Bonus Coal Co., 32 FMSHRC 1155, 1156 (Sept. 2010); Elk Run Coal Co., 32 FMSHRC 1587, 1588 (Dec. 2010).

 

            We conclude that, in this instance, the initial mishandling of the assessment and the resulting missed filing deadline was the result of excusable neglect and not the result of an unreliable internal processing system.  Brand provided a clear and detailed explanation of its error and its belated attempt to file.  In finding good cause for its failure to timely contest, we rely upon the operator’s attempt to file only five days after the filing deadline and upon the operator’s prompt filing of a motion to reopen.  An operator’s good faith efforts militate in favor of reopening.  See, e.g., Stone Zone, 41 FMSHRC 272, 274 (June 2019) (“It is well recognized that a movant’s good faith or lack thereof is an important factor in determining whether good cause exists to reopen a final order.”).[2] 

 

  In the interest of justice, we hereby reopen the captioned assessment and remand the matter to the Chief Administrative Law Judge for further proceedings pursuant to the Mine Act and the Commission’s Procedural Rules, 29 C.F.R. Part 2700.  Accordingly, consistent with Rule 28, the Secretary shall file a petition for assessment of penalty within 45 days of the date of this order.  See 29 C.F.R. § 2700.28.  

 

 

 

/s/ Mary Lu Jordan

                                                                                    Mary Lu Jordan, Chair

 

 

 

/s/ William I. Althen

William I. Althen, Commissioner

 

 

 

/s/ Marco M. Rajkovich, Jr.

Marco M. Rajkovich, Jr., Commissioner

 

 

 

/s/ Timothy J. Baker

Timothy J. Baker, Commissioner

 

 

 

 

 

 

Commissioner Marvit concurring,

 

Though I am in agreement with the arguments contained in the Secretary’s Motion in Opposition, I concur in the decision to reopen this case.  I do so out of fairness to the operator because the Commission has historically granted reopening based on facts similar to those contained here.
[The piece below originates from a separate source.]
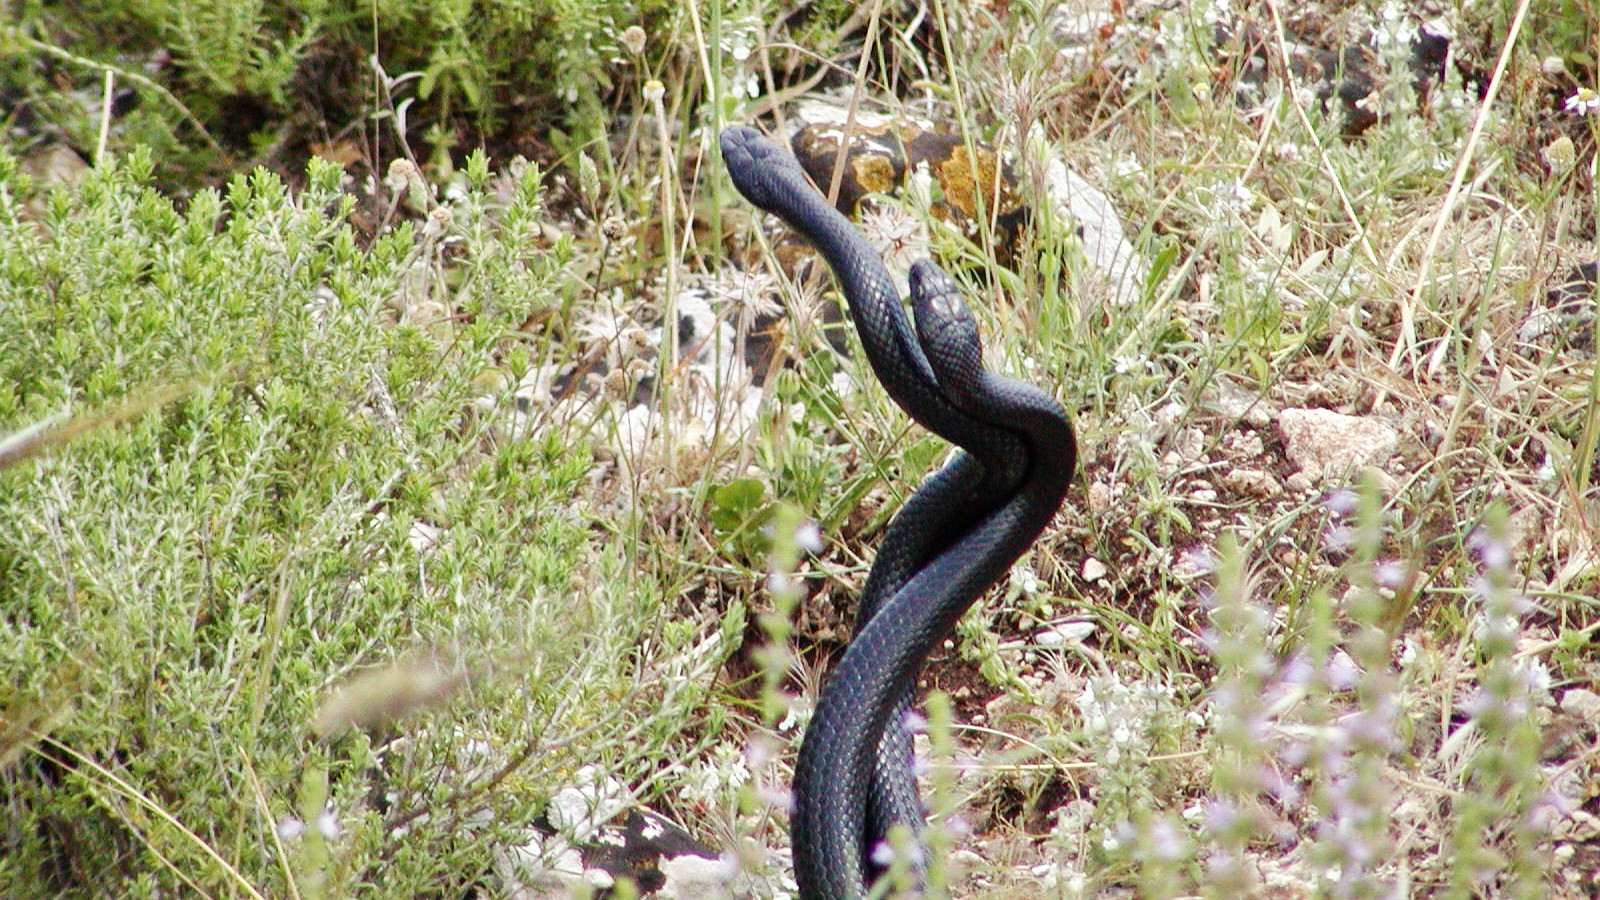 Cavagrande del Cassibile | Snakes

Absent this history, I would have voted to deny reopening.

 

 

 

 

/s/ Moshe Z. Marvit

Moshe Z. Marvit, Commissioner

 

 

 

 

 

Distribution:

 

Patrick J. Veters, Esq.

Marion Strauss, Esq.

Jones Walker LLP

201 St. Charles Avenue, 50th Floor

New Orleans, LA 70170

pveters@joneswalker.com

mstrauss@joneswalker.com

 

April Nelson, Esq.

Associate Solicitor

Office of the Solicitor

U.S. Department of Labor

Division of Mine Safety and Health

201 12th Street South, Suite 401

Arlington, VA 22202

Nelson.April@dol.gov

 

Emily Toler Scott, Esq.

Counsel for Appellate Litigation

Office of the Solicitor

U.S. Department of Labor

Division of Mine Safety and Health

201 12th Street South, Suite 401

Arlington, VA 22202

scott.emily.t@dol.gov

 

Melanie Garris
USDOL/MSHA, OAASEI/CPCO
201 12th Street South, Suite 401
Arlington, VA 22202
Garris.Melanie@DOL.GOV

 

Chief Administrative Law Judge Glynn F. Voisin
Federal Mine Safety Health Review Commission

Office of the Chief Administrative Law Judge
1331 Pennsylvania Avenue, NW Suite 520N
Washington, DC 20004-1710
GVoisin@fmshrc.gov



[1] The Secretary states that the duplicate copy was provided to the operator by email after an additional copy of the assessment, mailed to a miner’s representative, was returned to MSHA as “undeliverable.”  Sec’y Resp. at 3. 

[2] On May 23, 2024, Brand filed a motion for leave to file a reply to the Secretary’s response.  We hereby GRANT Brand’s motion for leave.  We have considered Brand’s reply.